Task instructions: Exactly the lines from the one with "Salt desert —" through the end of the data below must be set down, and no pictures with them.

Data:
_ _ _ _ _ _ _

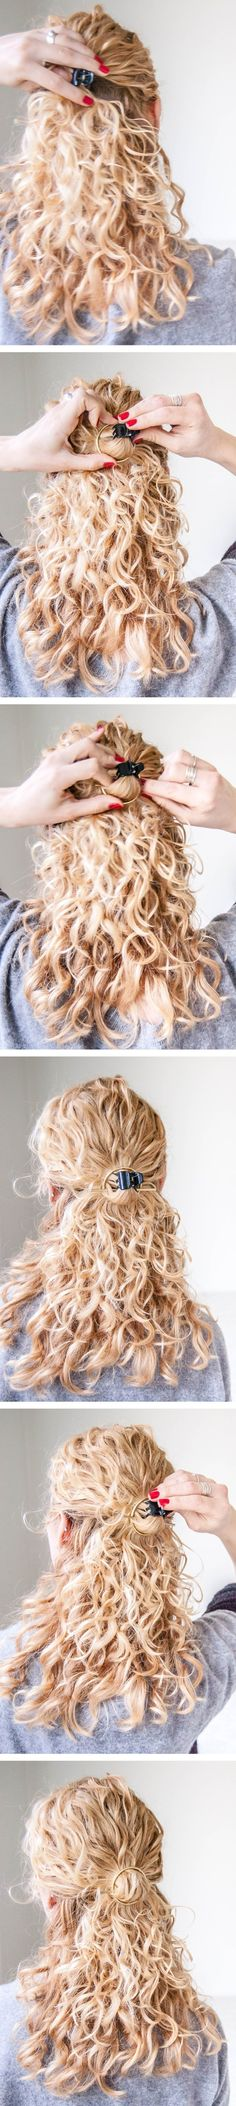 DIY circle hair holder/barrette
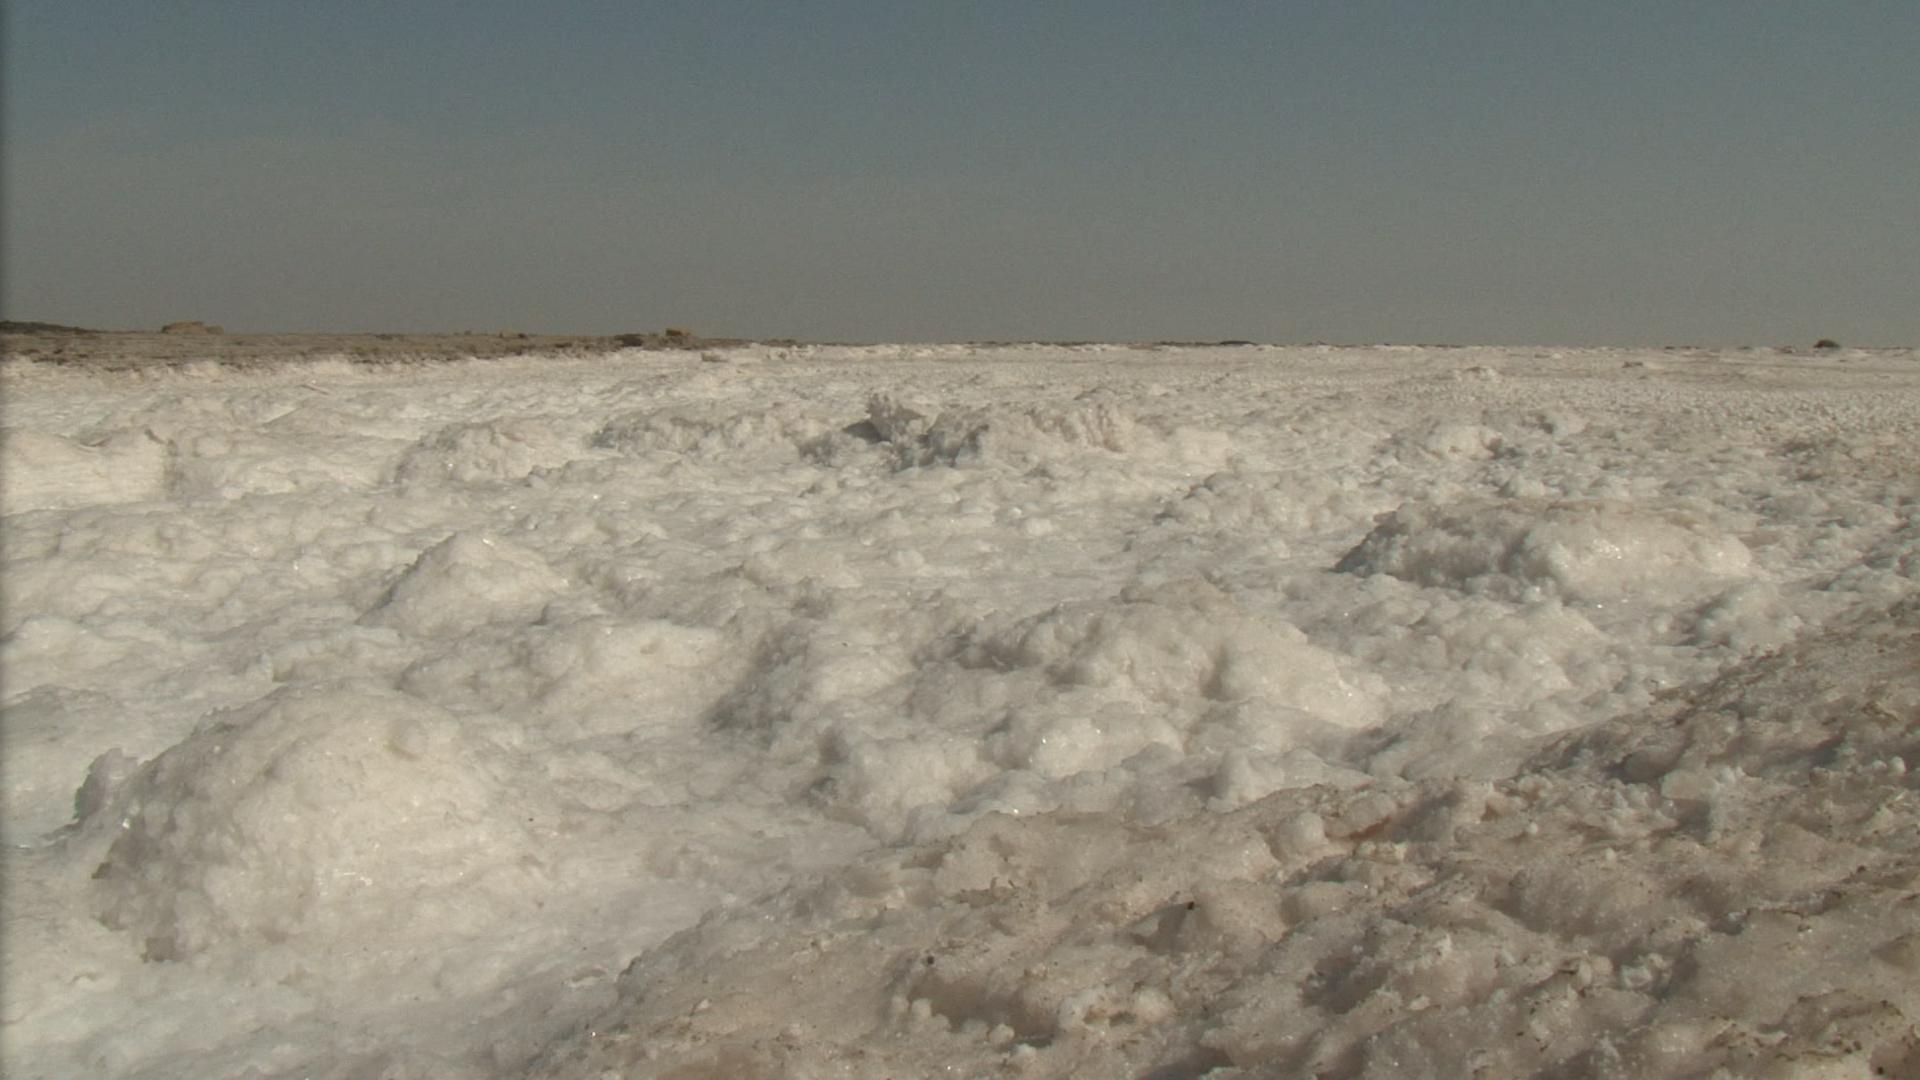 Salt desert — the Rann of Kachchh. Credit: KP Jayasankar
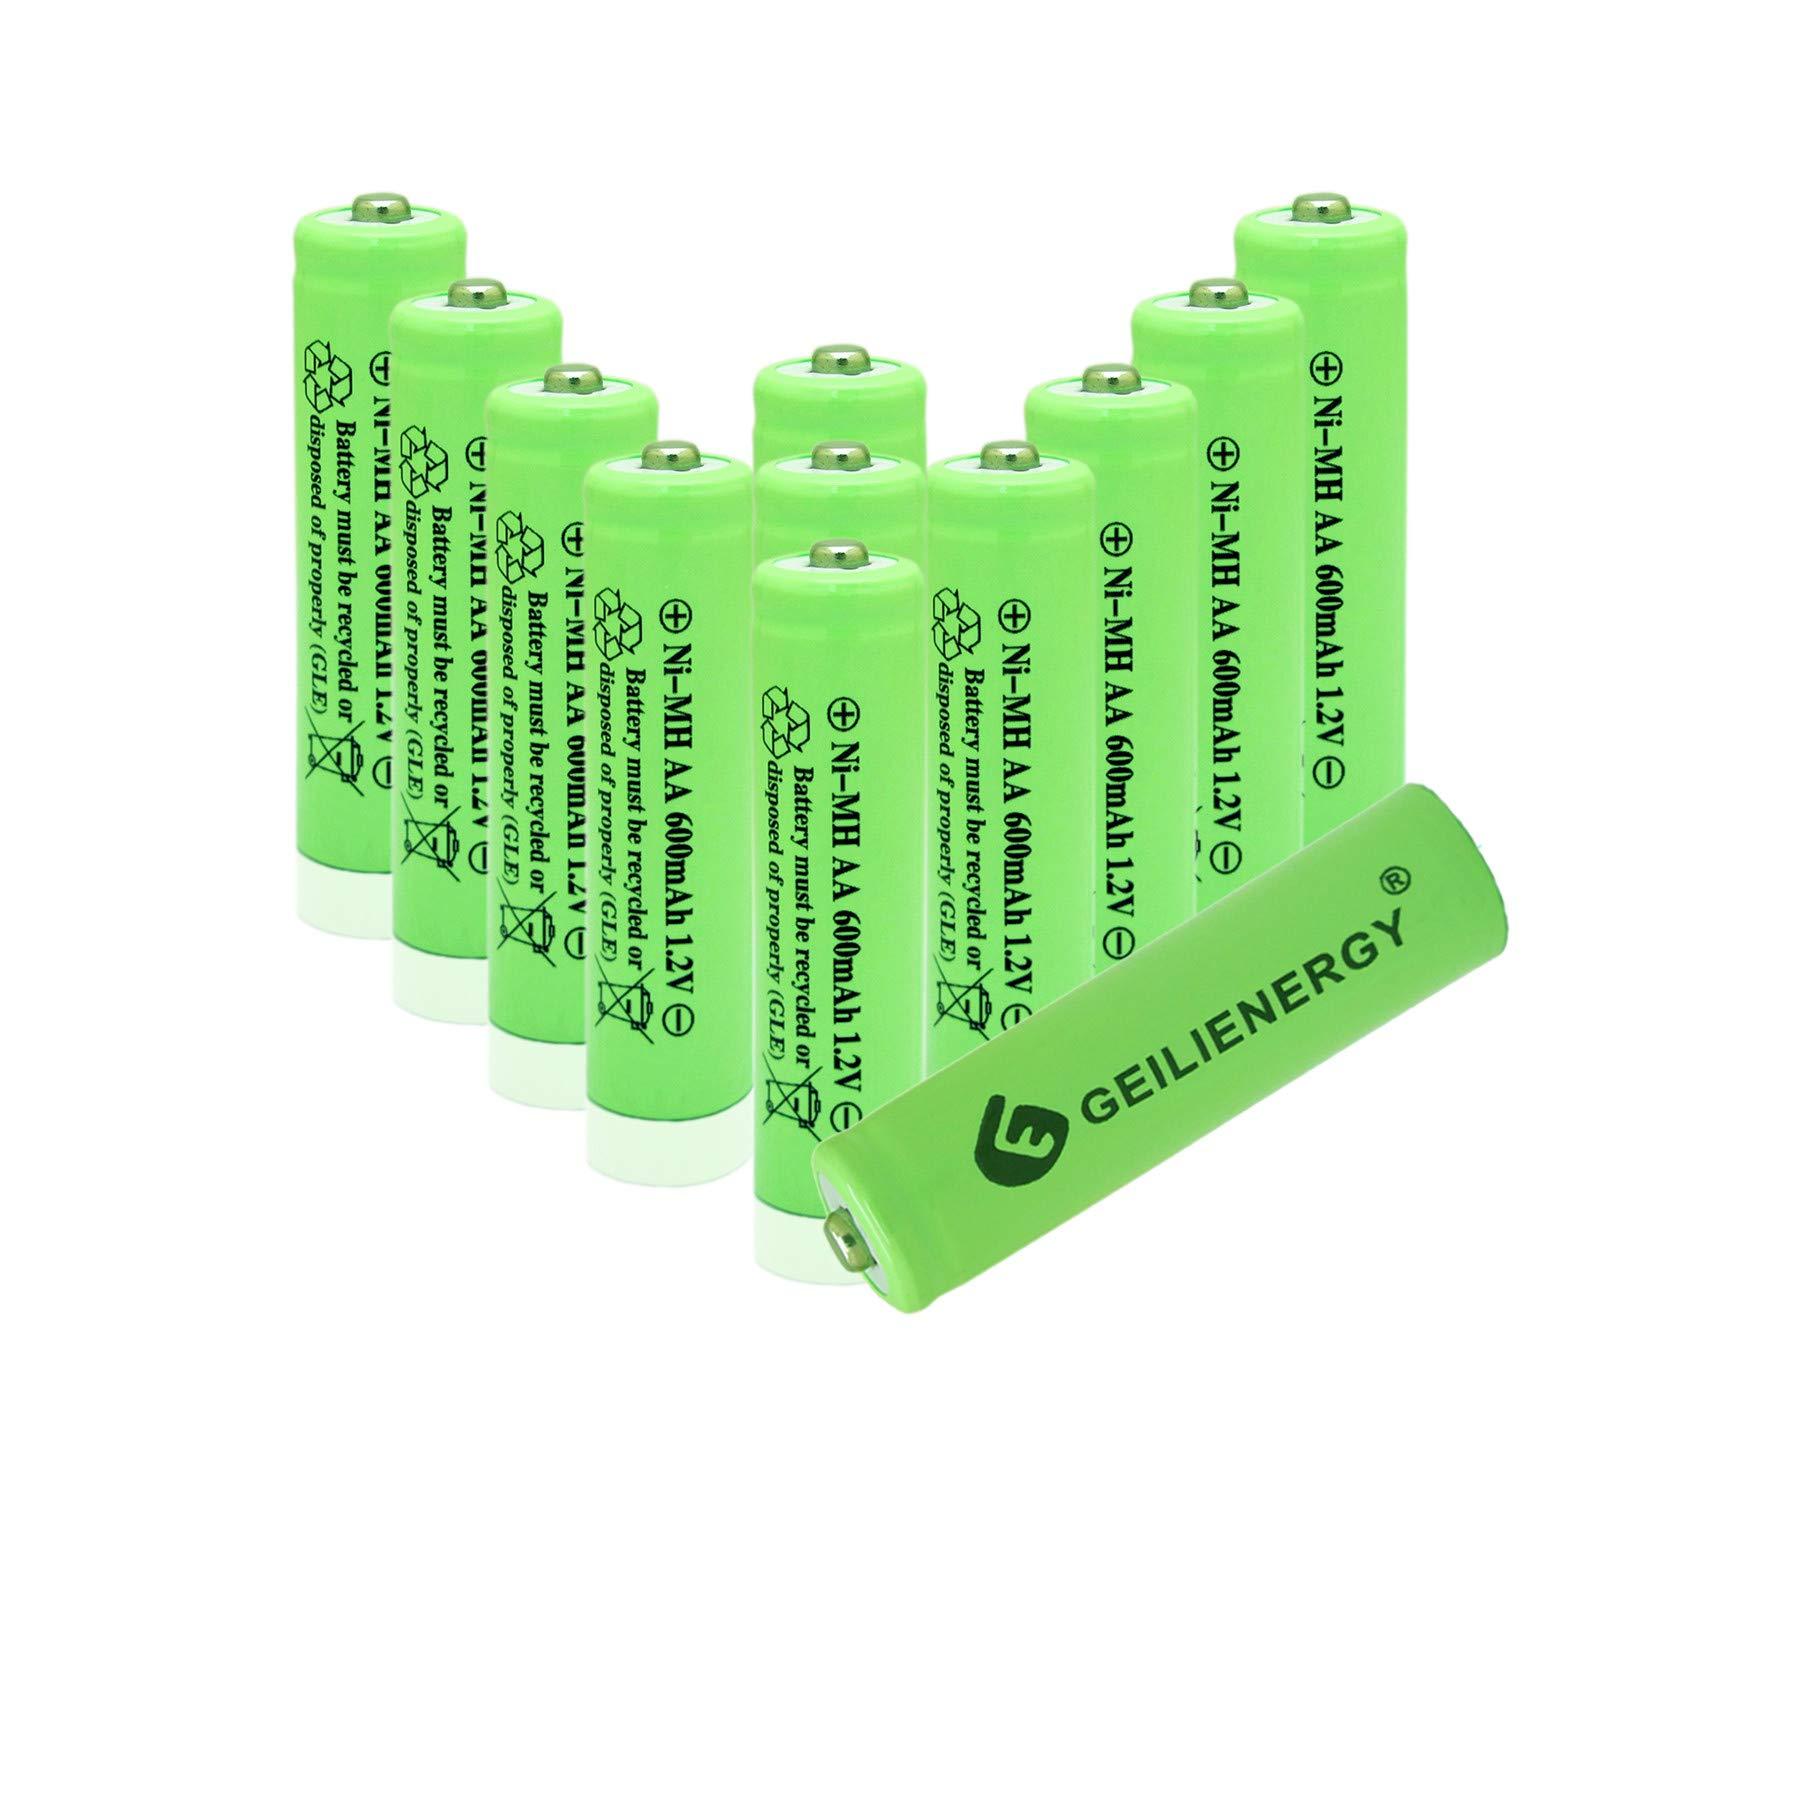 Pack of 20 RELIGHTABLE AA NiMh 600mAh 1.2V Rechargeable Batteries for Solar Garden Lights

_ _ _ _ _ _ _

Task answer:
 Salt desert — the Rann of Kachchh. Credit: KP Jayasankar
 Pack of 20 RELIGHTABLE AA NiMh 600mAh 1.2V Rechargeable Batteries for Solar Garden Lights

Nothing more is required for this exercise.